January 15, 2015 (Vol. 35, No. 2)

Richard A. A. Stein M.D., Ph.D.

The better we know the genome’s regulatory elements, the better we can design drugs that quell or quicken gene expression, as needed.

In the words of Nobel Prize winner Albert Szent-Györgyi, “Discovery consists of looking at the same thing as everyone else and thinking something different.” Could discovery as understood by Szent-Györgyi be happening in studies of the human genome?

For sure, lots of investigators are looking at the genome. It remains to be seen, however, whether some of these investigators are thinking uncommon (and uncommonly fruitful) thoughts.

Since the human genome was first sequenced, more and more scientists have shifted their focus from protein-encoding genes, which occupy about 2% of the genome, to potential regulatory elements. By focusing on protein-encoding genes, scientists improved their understanding of how mutations in proteins and changes in their expression levels are linked to the pathogenesis of many diseases.

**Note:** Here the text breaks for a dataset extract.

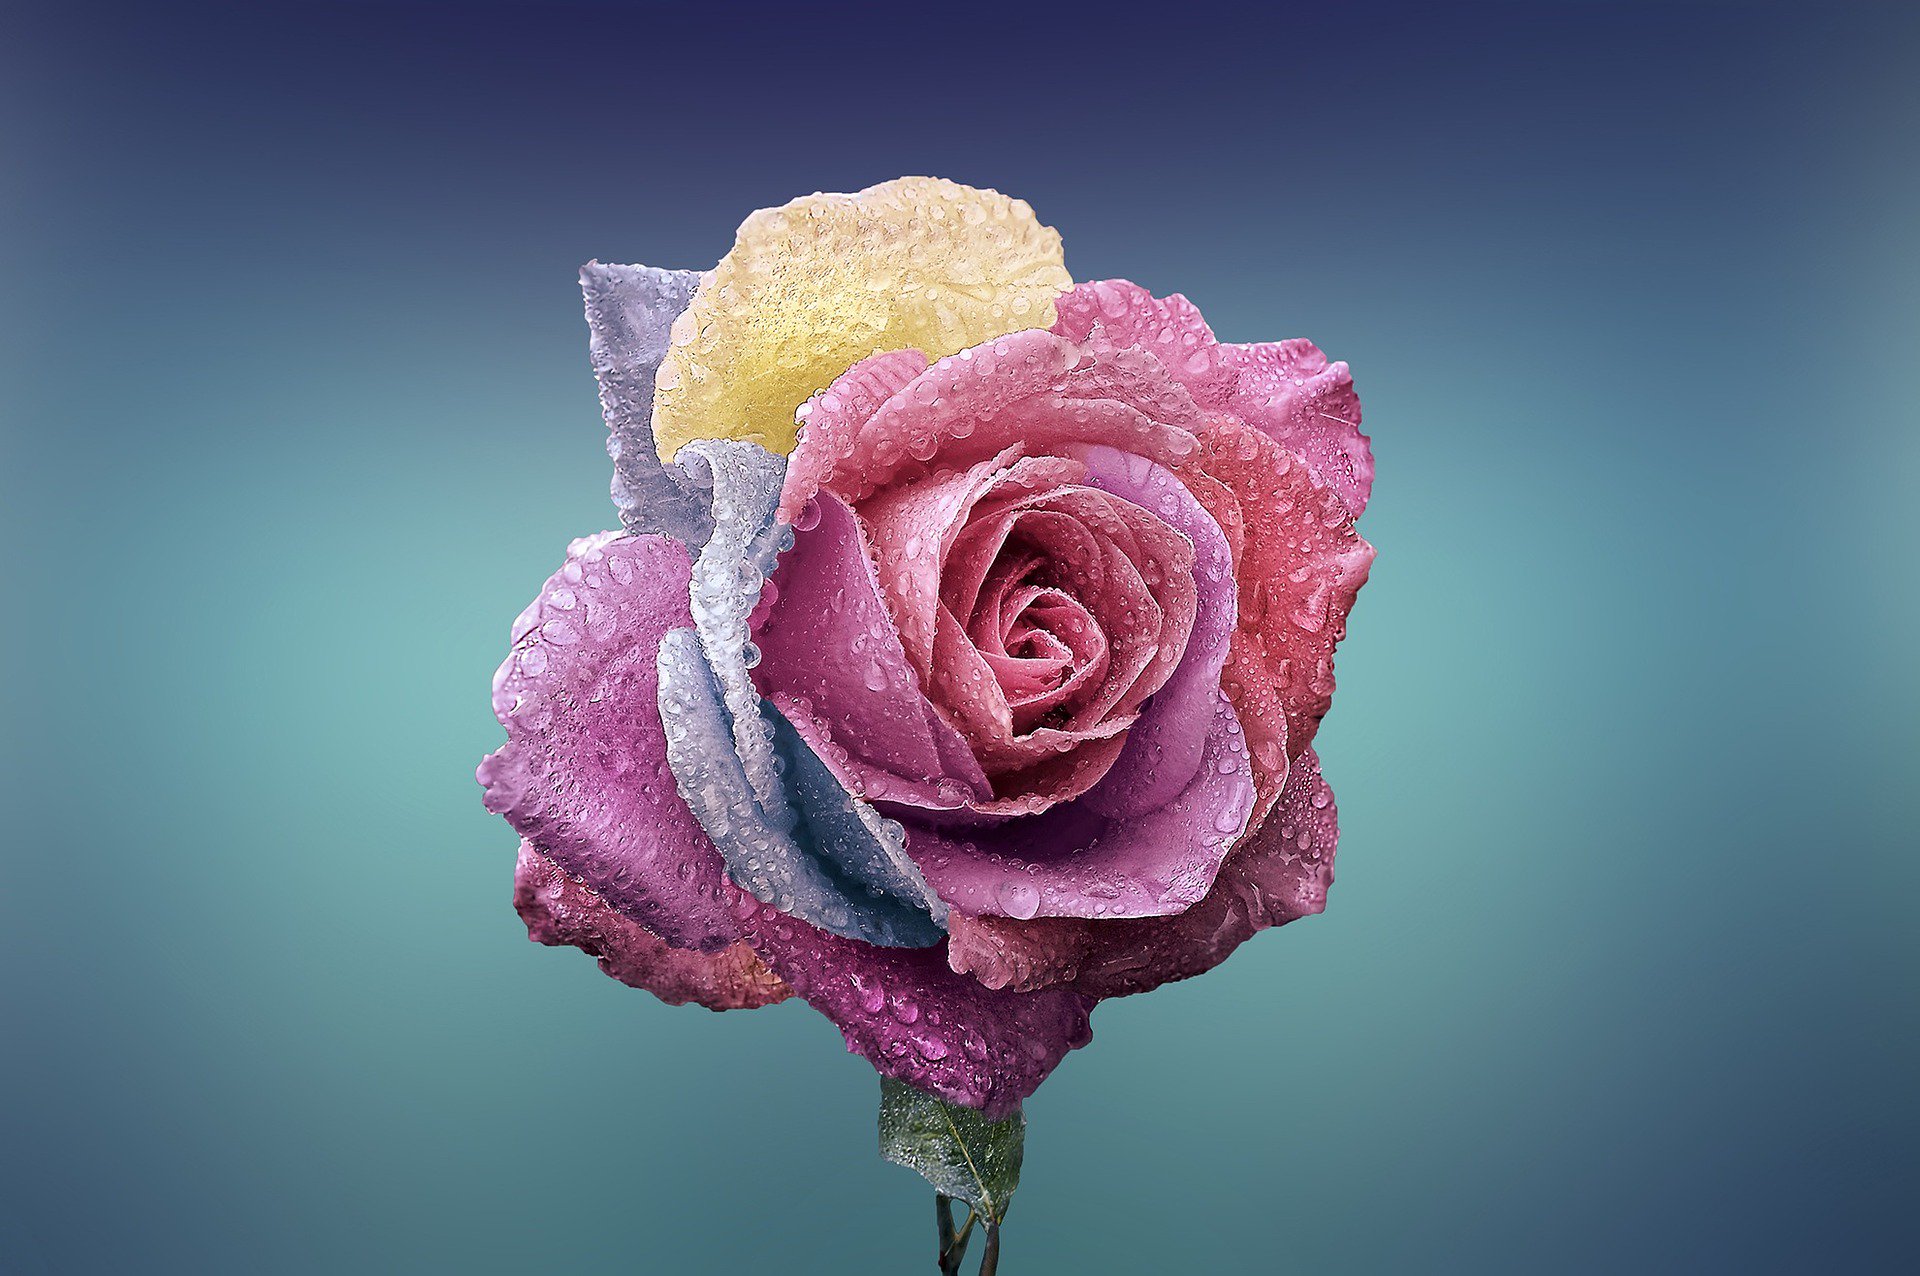 Hình nền hoa hồng đẹp như một tác phẩm nghệ thuật sống động với những cánh hoa nở rộ trên nền trắng. Hãy cho phép màu sắc và sức mạnh của hoa hồng truyền tải tình yêu và sự lãng mạn đến màn hình của bạn.

Still, what about the noncoding 98% of the genome, the part once referred to as “junk DNA”? It is now known to contain key cis-regulatory elements, such as enhancers, which regulate the pattern of gene expression in a tissue-specific manner.

Noncoding DNA, once overlooked, now seizes the attention of discovery-minded scientists. They are investigating how heritable DNA that does not code for protein can regulate gene activity. This is the realm of epigenetics.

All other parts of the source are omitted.